Rincian completion_tokens_details.reasoning_tokens itu hanya muncul ketika provider upstream melaporkannya. Pada respons yang di-stream, trace tiba di delta.reasoning_content per chunk.
Masukan visi & gambar
Model dengan supports_vision: true menerima gambar yang disematkan sebagai blok konten. URL publik atau URL data base64 berfungsi; batas ukuran bergantung pada model hulu.
Model dengan dukungan penglihatan
…· livecurl https://api.airforce/v1/chat/completions \
-H "Authorization: Bearer sk-air-YOUR_API_KEY" \
-H "Content-Type: application/json" \
-d '{
"model": "gpt-5.1-chat",
"messages": [{
"role": "user",
"content": [
{"type": "text", "text": "What is in this image?"},
{"type": "image_url", "image_url": {"url": "https://example.com/cat.jpg"}}
]
}]
}'Panggilan alat
Model dengan supports_tools: true dapat memanggil fungsi yang Anda tetapkan. Model mengembalikan a tool_calls susunan; Anda menjalankan panggilan, lalu mengirimkan hasilnya kembali dalam a tool pesan.

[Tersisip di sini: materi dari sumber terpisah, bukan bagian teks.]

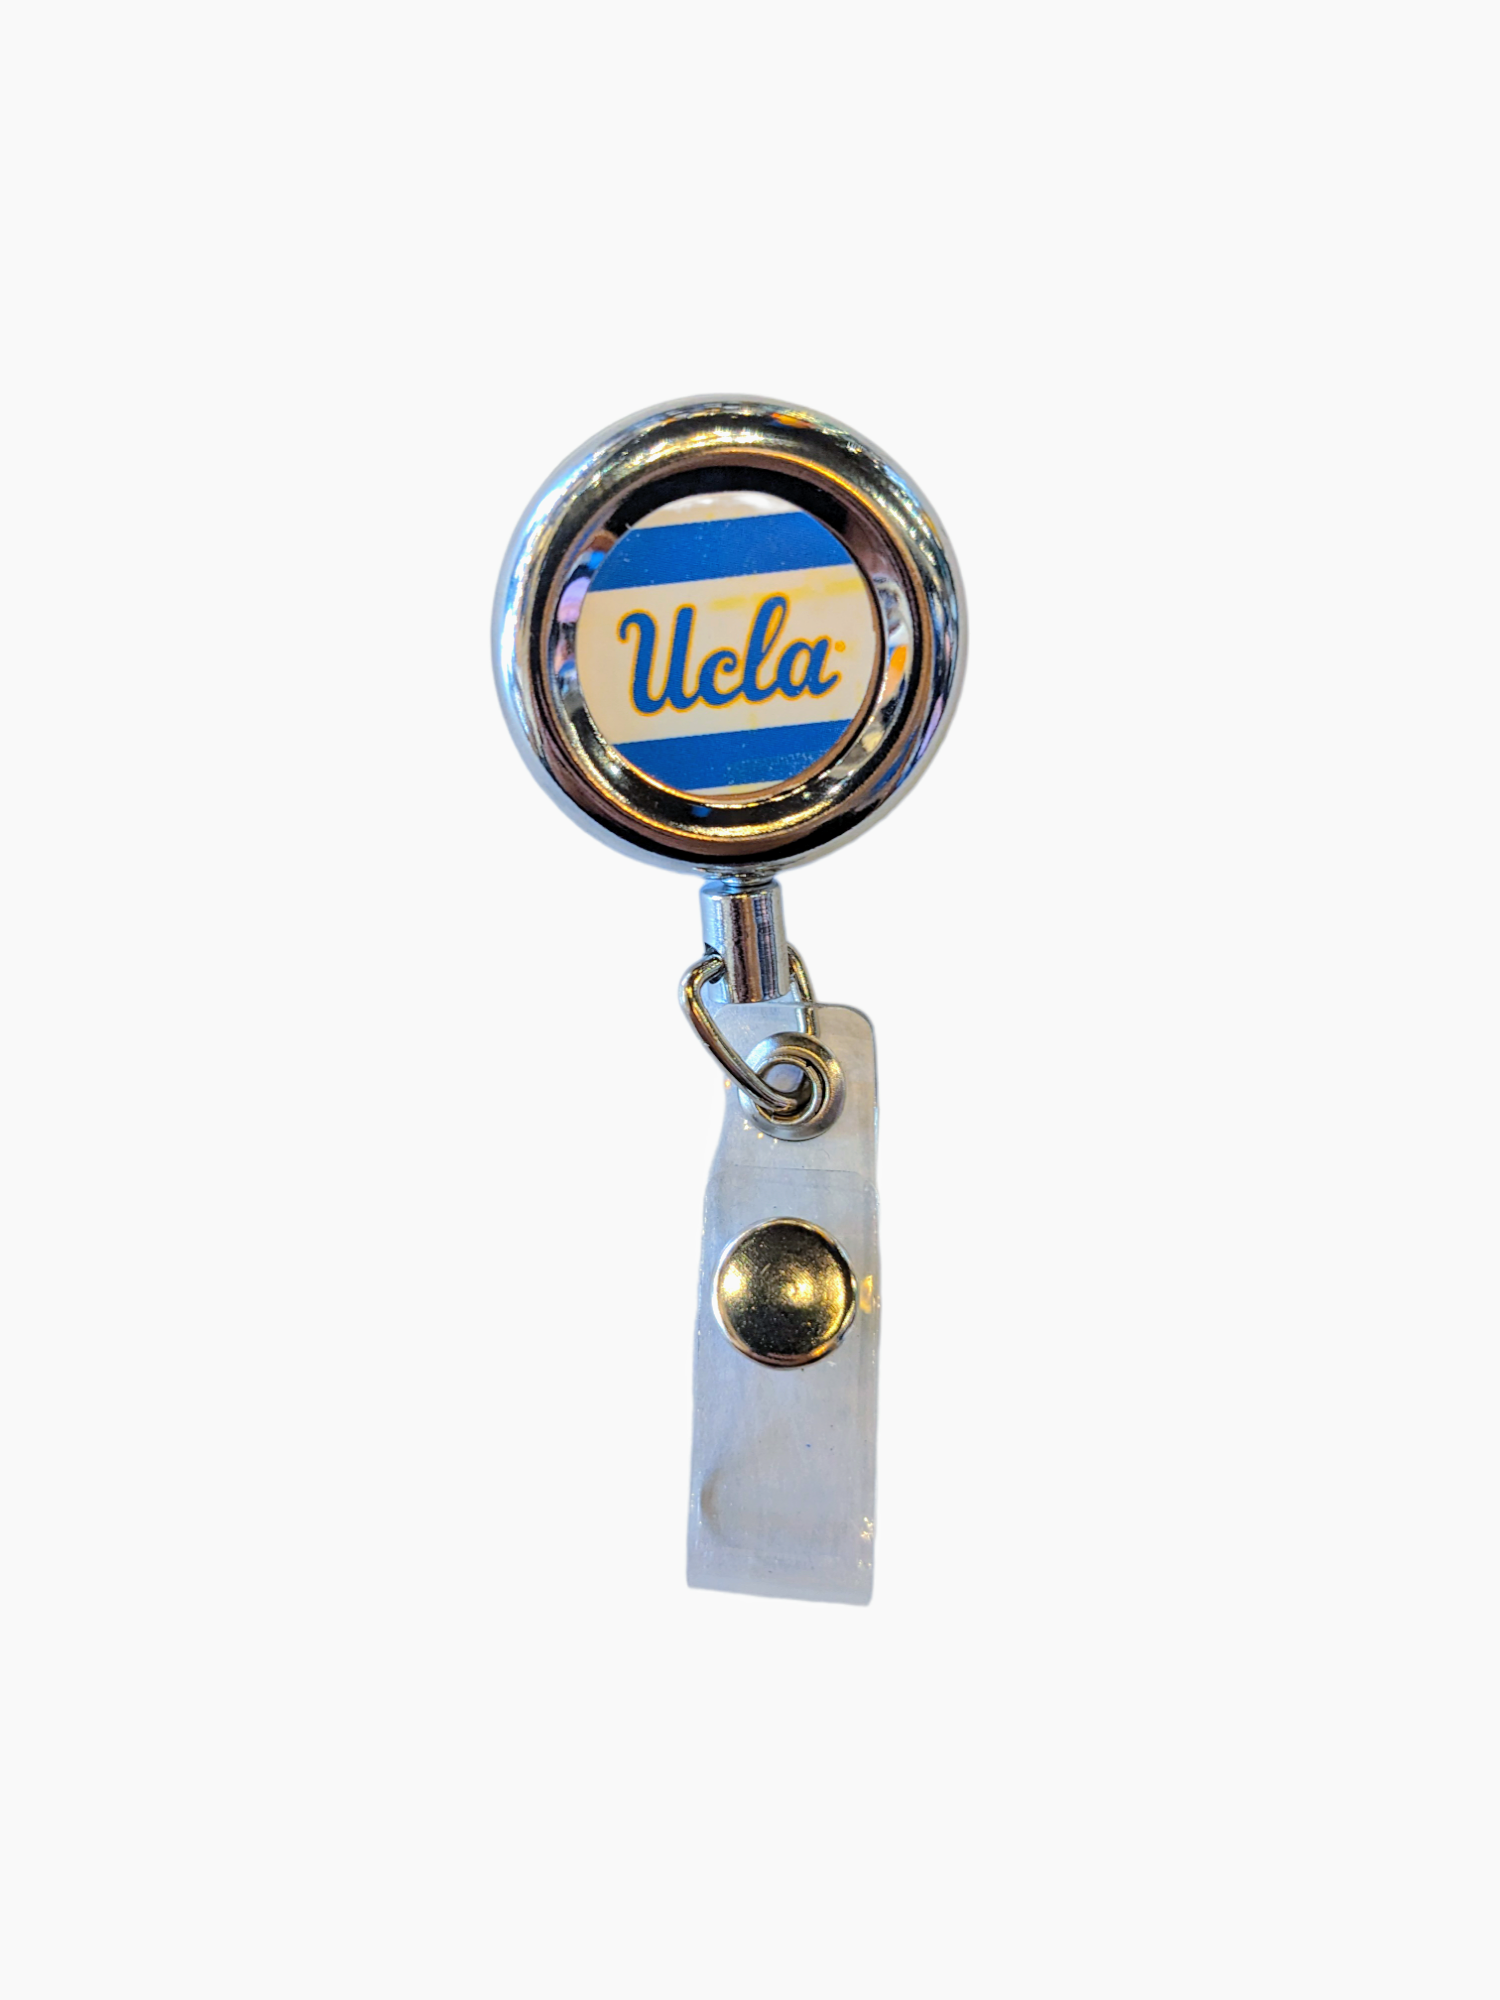 UCLA Retractable Badge Holder Blue - Campus Store

Model dengan dukungan panggilan alat
…· liveMeminta
curl https://api.airforce/v1/chat/completions \
-H "Authorization: Bearer sk-air-YOUR_API_KEY" \
-H "Content-Type: application/json" \
-d '{
"model": "gpt-5.1-chat",
"messages": [{"role": "user", "content": "What is the weather in Paris?"}],
"tools": [{
"type": "function",
"function": {
"name": "get_weather",
"description": "Get current weather for a location",
"parameters": {
"type": "object",
"properties": {
"location": {"type": "string", "description": "City name"}
},
"required": ["location"]
}
}
}],
"tool_choice": "auto"
}'Respons dengan panggilan alat
{
"id": "chatcmpl-abc123",
"choices": [{
"index": 0,
"message": {
"role": "assistant",
"content": null,
"tool_calls": [{
"id": "call_1",
"type": "function",
"function": {
"name": "get_weather",
"arguments": "{\"location\":\"Paris\"}"
}
}]
},
"finish_reason": "tool_calls"
}]
}Tindak lanjuti dengan hasil alat
{
"model": "gpt-5.1-chat",
"messages": [
{"role": "user", "content": "What is the weather in Paris?"},
{
"role": "assistant",
"content": null,
"tool_calls": [{
"id": "call_1",
"type": "function",
"function": {"name": "get_weather", "arguments": "{\"location\":\"Paris\"}"}
}]
},
{"role": "tool", "tool_call_id": "call_1", "content": "{\"temp_c\": 14, \"sky\": \"cloudy\"}"}
]
}Structured outputs
Set response_format to make the model return JSON. Two modes are supported:
{ "type": "json_object" }— the response is a single valid JSON value.{ "type": "json_schema", "json_schema": { "name", "schema", "strict" } }— the model is steered to produce JSON that matches your JSON Schema.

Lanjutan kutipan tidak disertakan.